- Born: Sandrine Dumas 28 April 1963 (age 63) Neuilly-sur-Seine, France
- Occupations: Actress, director

= Sandrine Dumas =

French film actress

Sandrine Dumas (born 28 April 1963) is a French film and stage actress and director.

Dumas was born in Neuilly-sur-Seine. She has appeared in Miloš Forman's Valmont, and Krzysztof Kieślowski's The Double Life of Véronique, among other films.

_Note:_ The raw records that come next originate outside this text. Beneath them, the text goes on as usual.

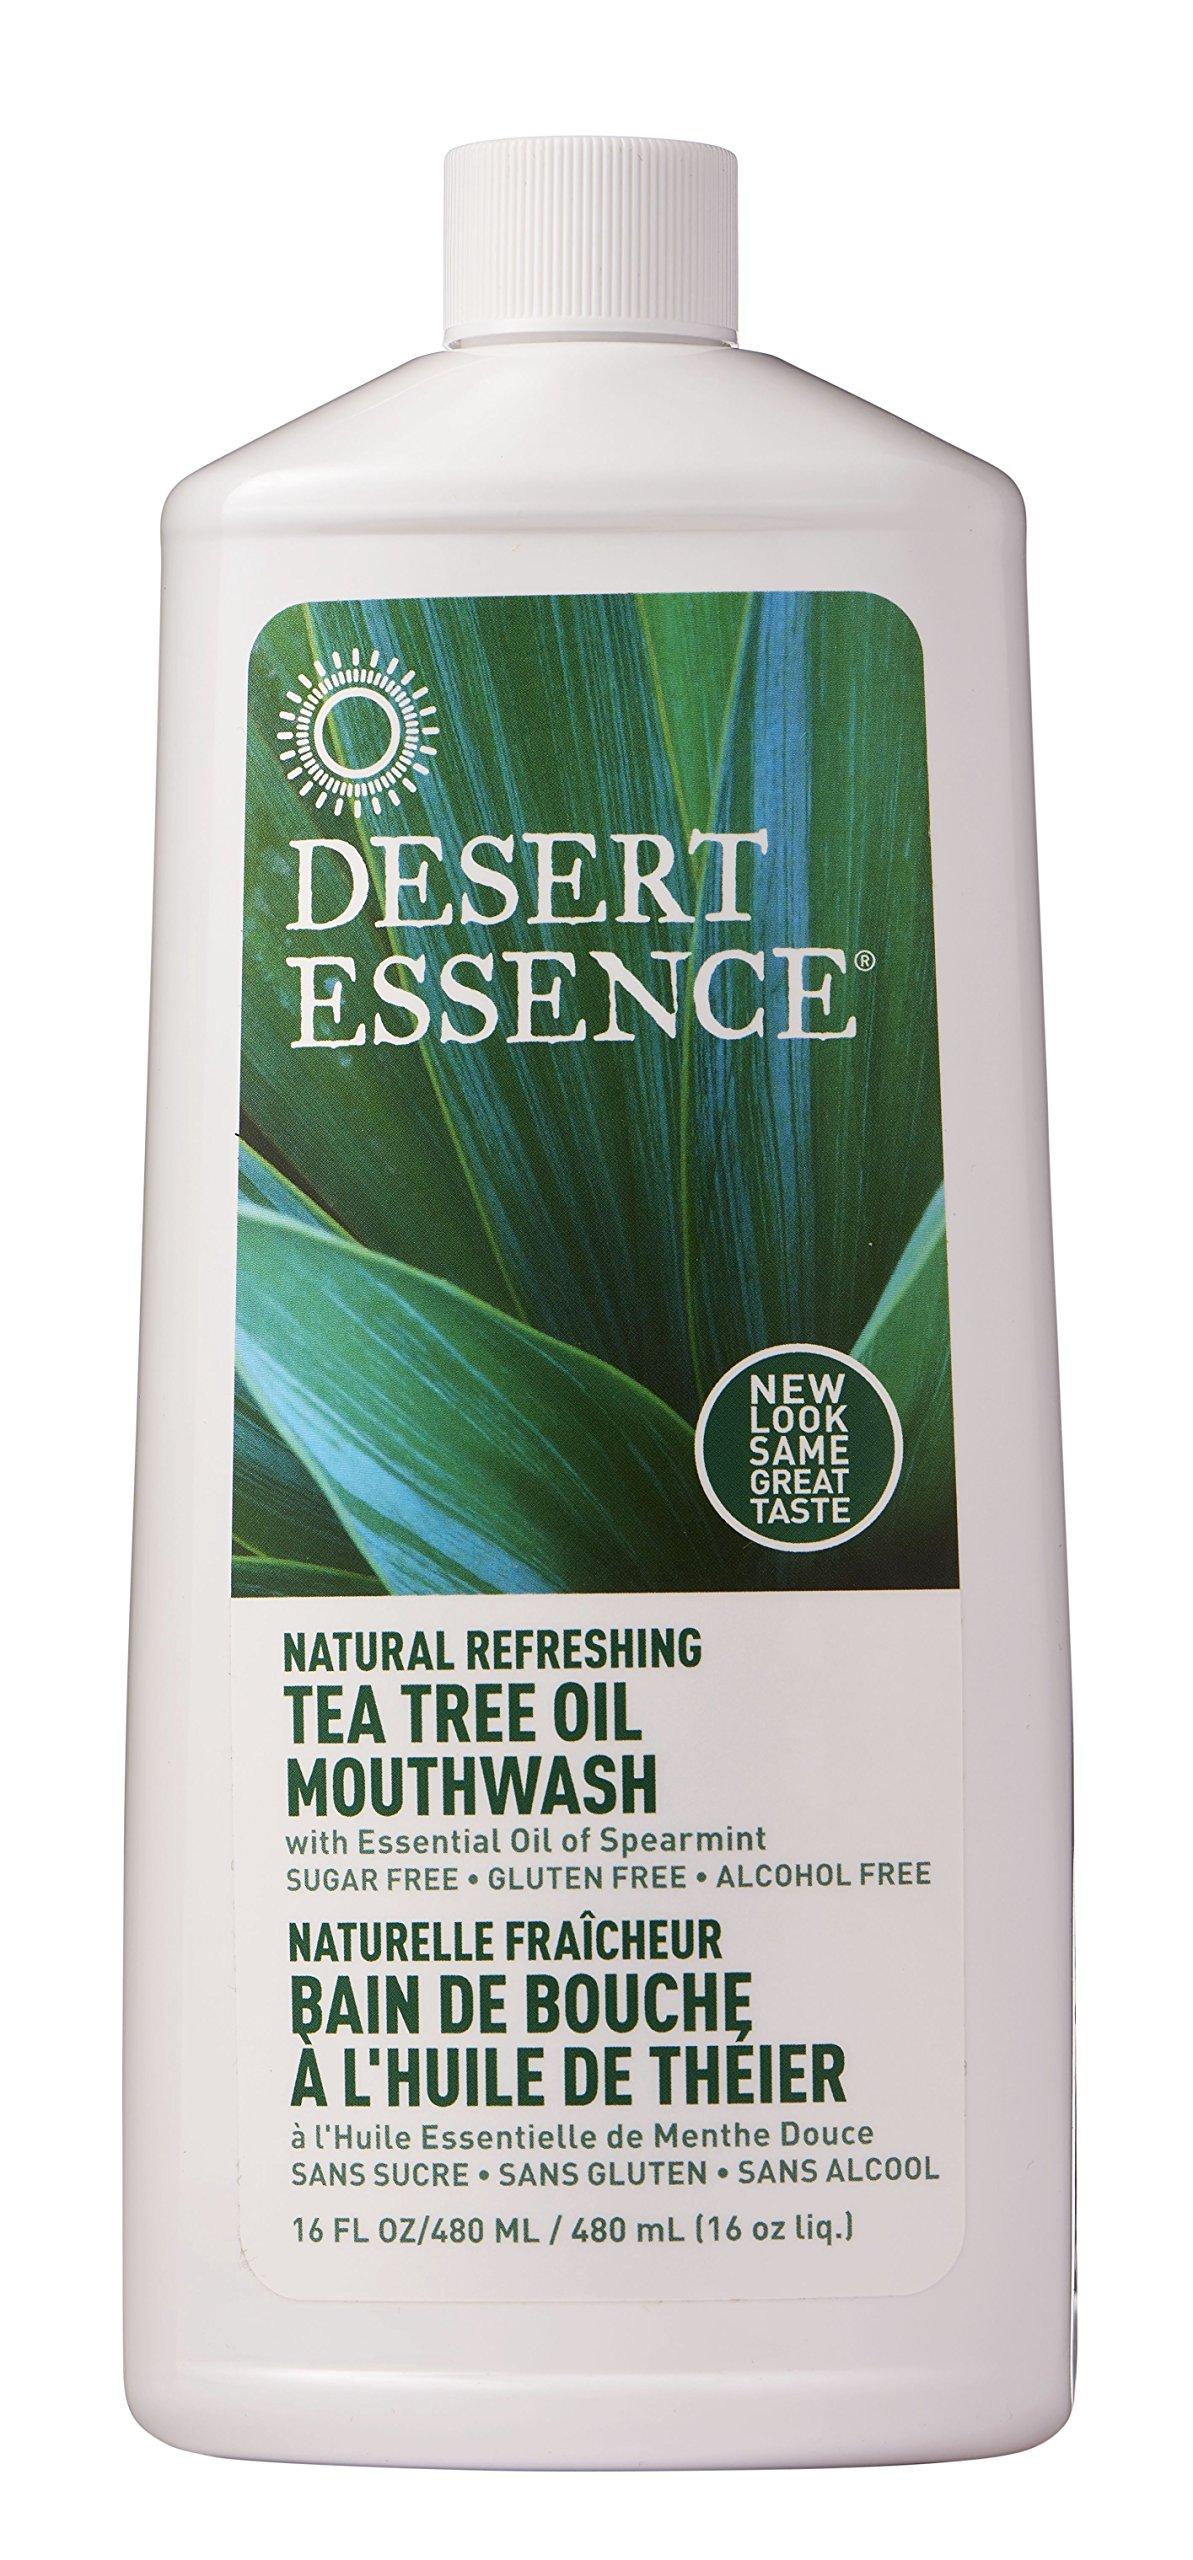 Natural Tea Tree Oil Mouthwash(2pk) - 16 fl oz
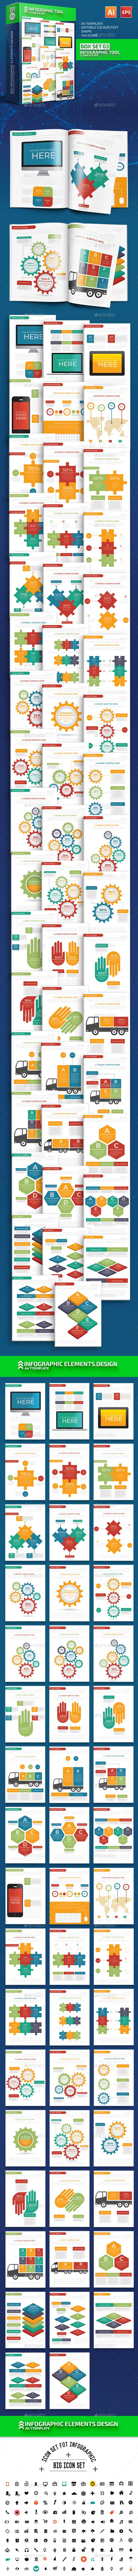 Box Set 03 Infographic Tools Design - Infographics
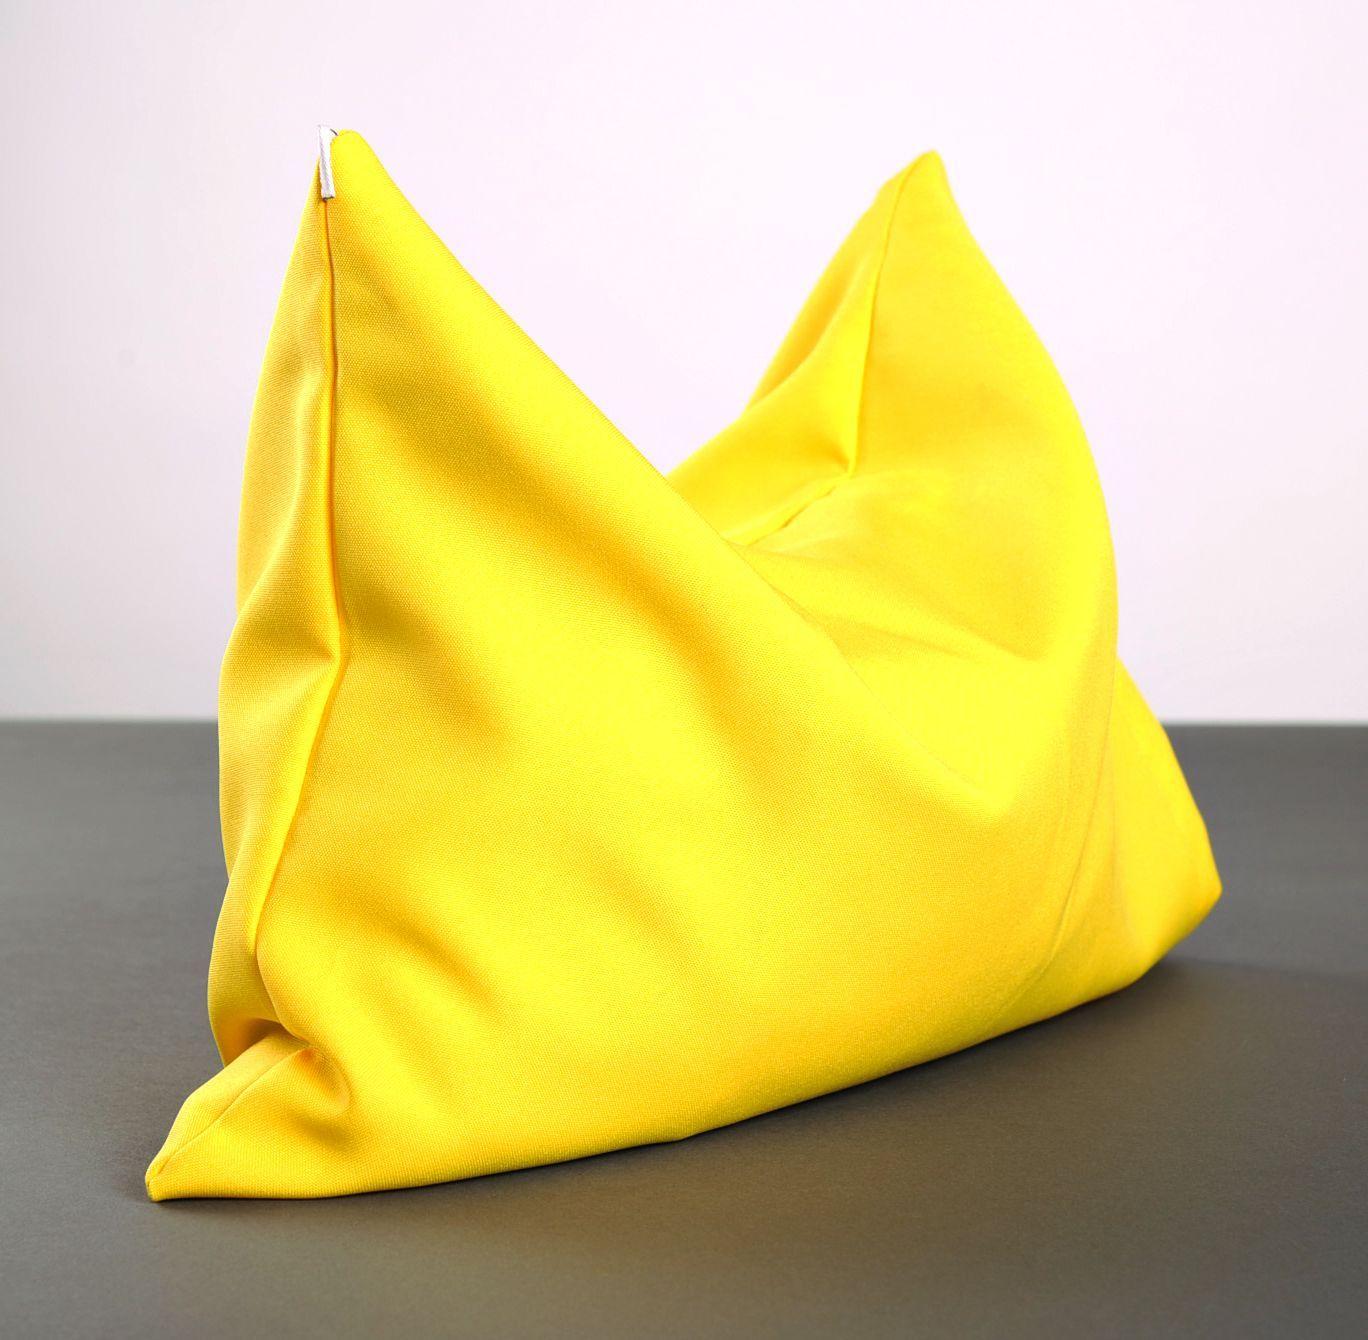 Yellow pillow for yoga photo 5

She is the daughter of Jean-Louis Dumas (2 February 1938 – 1 May 2010), who was the fifth generation of the family to run one of the world's most renowned high fashion house, Hermès.

== Filmography ==

- 1987: The Veiled Man
- 2008 : 48 Hours a Day
- 2014 : 40-Love

=== Direction ===
- 2011 : L'Invention des jours heureux with Katia Golubeva, Prix du Public of the Créteil International Women's Film Festival
- 2015 : Nostos, selected for the 2016 Thessaloniki Documentary Festival
- 2019 : On ment toujours à ceux qu'on aime with Monia Chokri and Jérémie Elkaïm

== Theater ==
She won the Globes de Cristal Award for Best Play for directing Love Letters in 2006.